Toronto. in the mid 20th century, the Exakta was a rare bird – a 35mm film SLR. The bright view was accomplished by a special waist level viewer, a fast lens and a mirror the size of the film frame.
To view, the mirror rested at 45 degrees bouncing the view through the lens up to the viewfinder. On snapping a photo, the mirror swept up and blocked the finder while fully exposing the shutter mechanism and film frame. For the mirror to work, it had to clear the rear lens element. This made even ‘normal’ lenses a design challenge. A wide angle lens like the 40mm Zeiss Flektogon was remarkable and even wider lenses like the Angenieux 35mm and 28mm unbelievable!
To work the SLR mirror magic, at infinity the rear element had to be located beyond the edge of the mirror. Angenieux did this by using a ‘retrofocus’ design with a rather difficult trade-off.

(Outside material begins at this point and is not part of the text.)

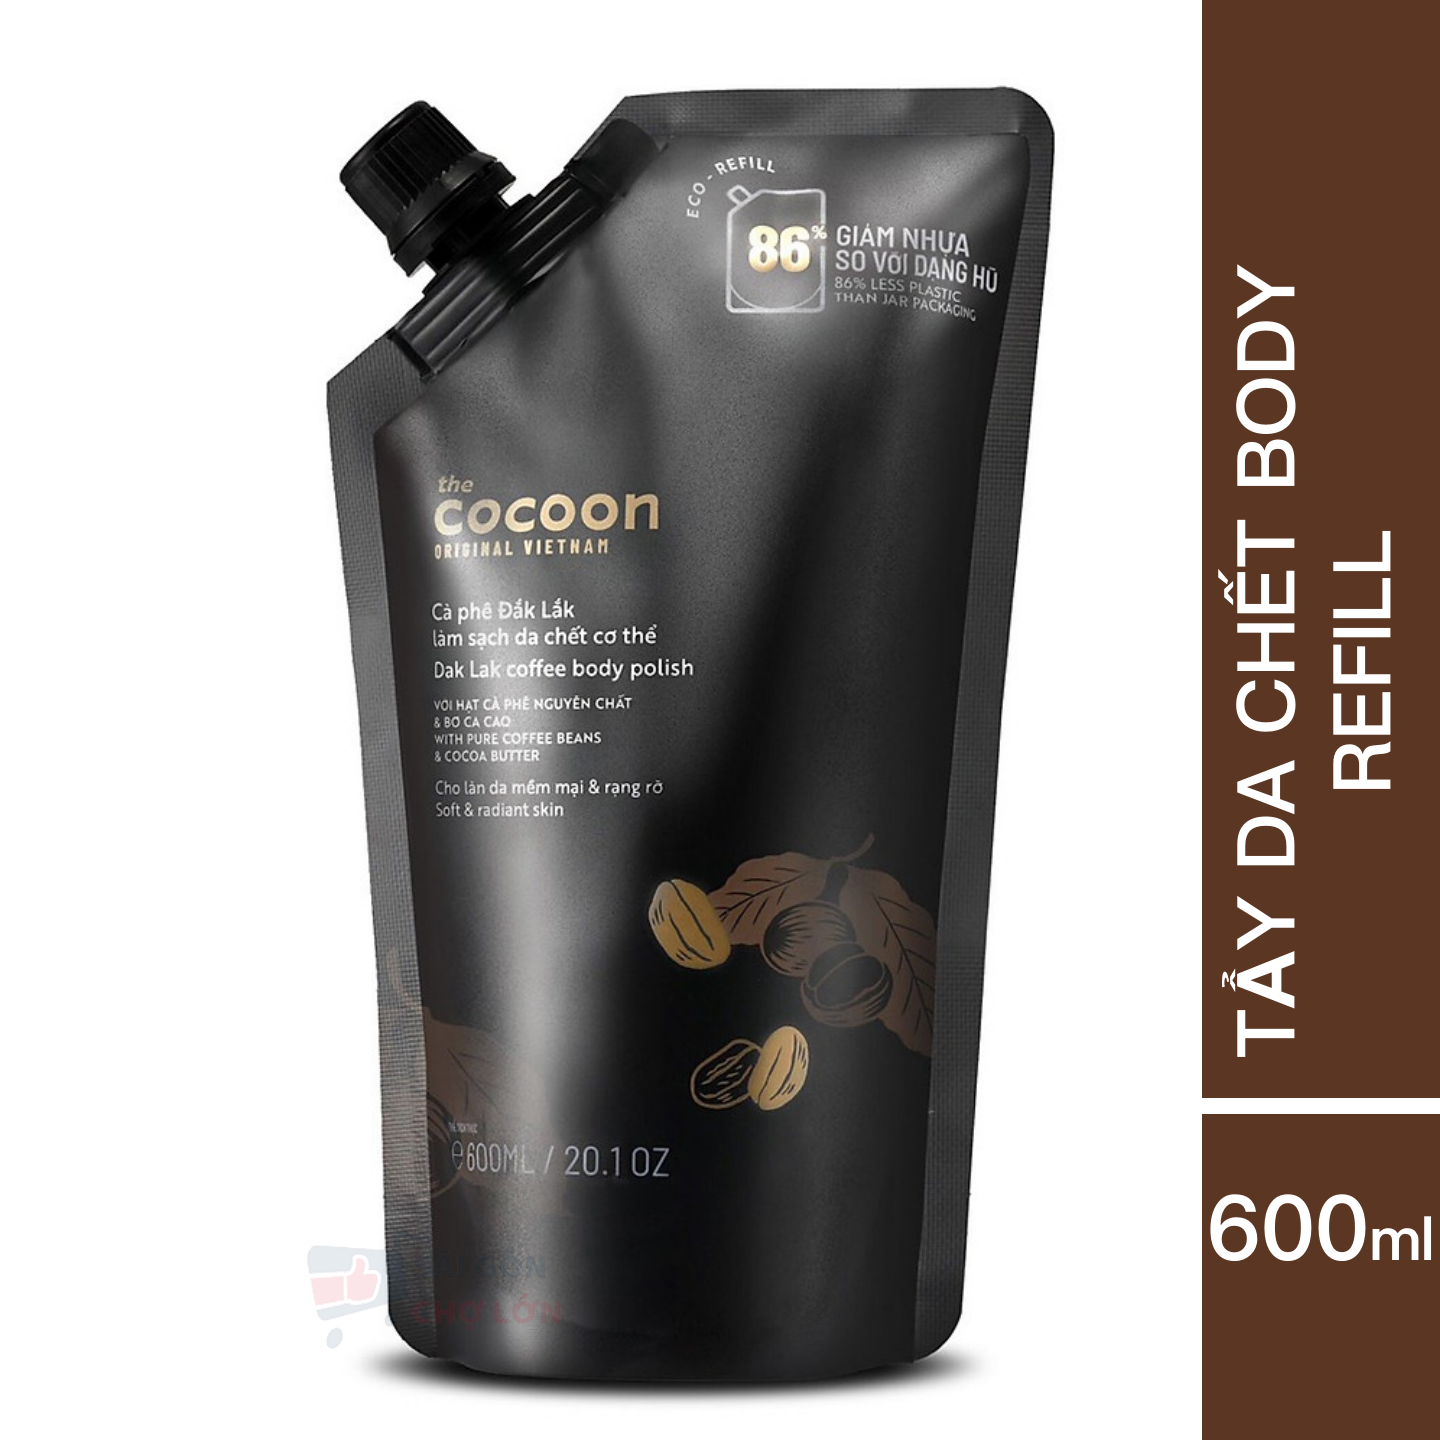 Túi Refill Cà phê Đắk Lắk làm sạch da chết cơ thể Cocoon cho làn da mềm mại &amp; rạng rỡ 600ml
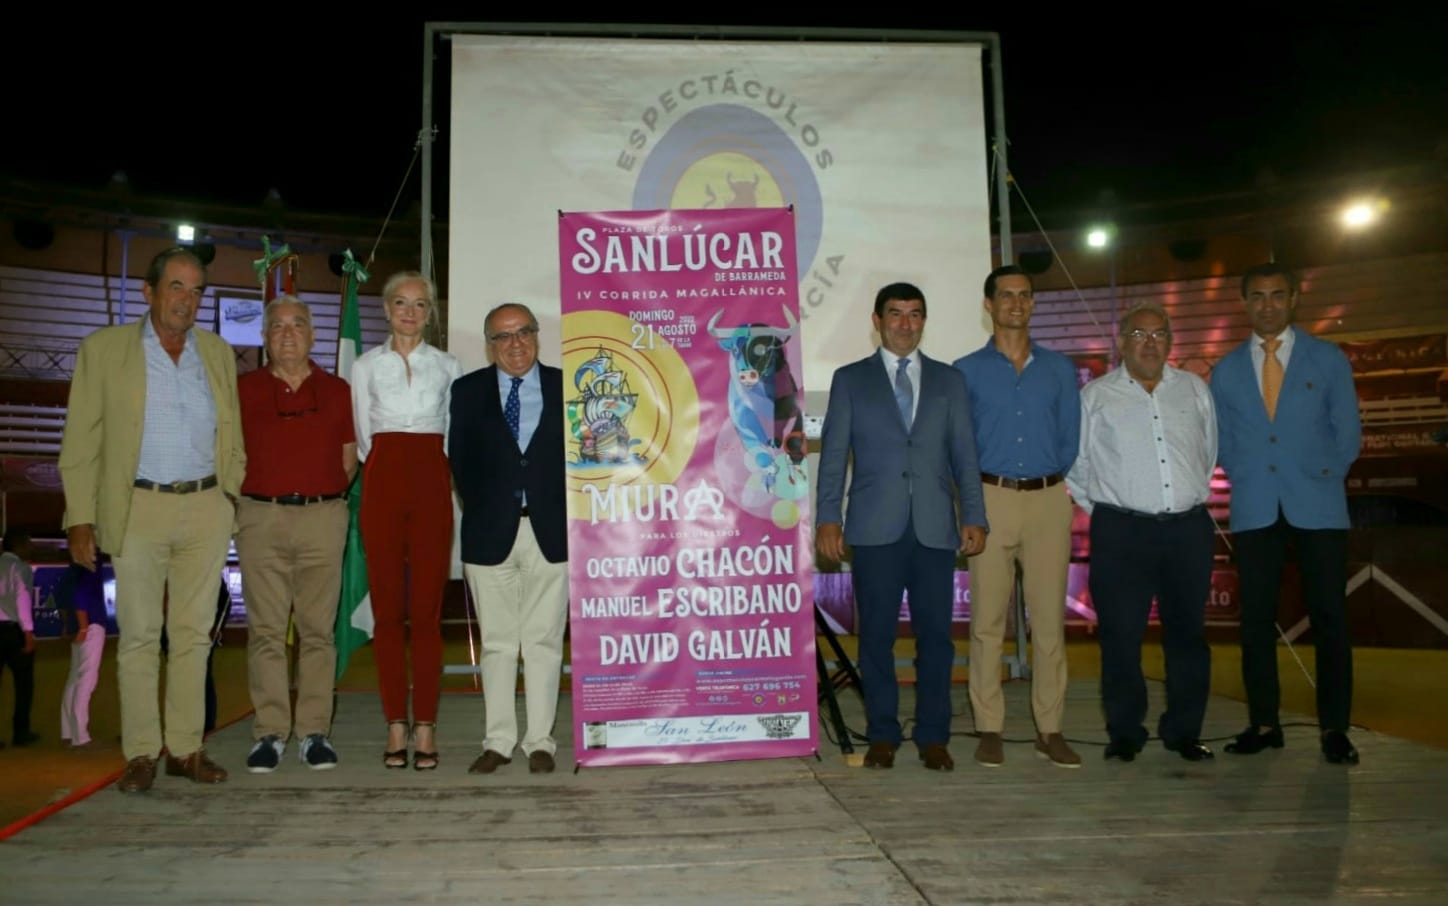 España: Chacón, Escribano y Galván el 21 de agosto en Sanlúcar de Barrameda

Their lenses suffered from drastic barrel and pin-cushion geometric distortion. Tilting the camera while shooting straight lines made the distortion even more obvious.
Lens coatings, a wide range of optical glass, computers, etc. led to designs that gave the mirror room to move while over-coming most geometric distortion. And the 35mm SLR became the camera of choice. In the rangefinder era some companies like Leitz and Zeiss used mirror boxes as a solution. The mirror box purposely used a larger mirror to improve brightness. Lenses beyond, say a 135mm focal length, could fit such a mirror box while shorter focal length lenses that benefitted from a rangefinder could be easily accommodated directly allowing focal lengths down to 28mm to be feasible with little or no geometric distortion.
When the Japanese cameras like Nikon and Canon emerged, SLRs went from odd film designs to preferred designs and after a century to the common digital SLRs (DSLRs). In time digital technology allowed an instant view of the scene making mirrors unnecessary.
The preferred professional camera design was the DSLR with the less costly ‘mirrorless’ cameras preferred by advanced amateurs. Smartphones came with a mirrorless camera whose tiny lens usually gave an angle of view like the 35mm film camera lenses – by far the most used focal length. Computer technology in the smartphone allowed creation of decent resolution, low noise, photos in spite of a tiny sensor. And mirrors – a point to ponder.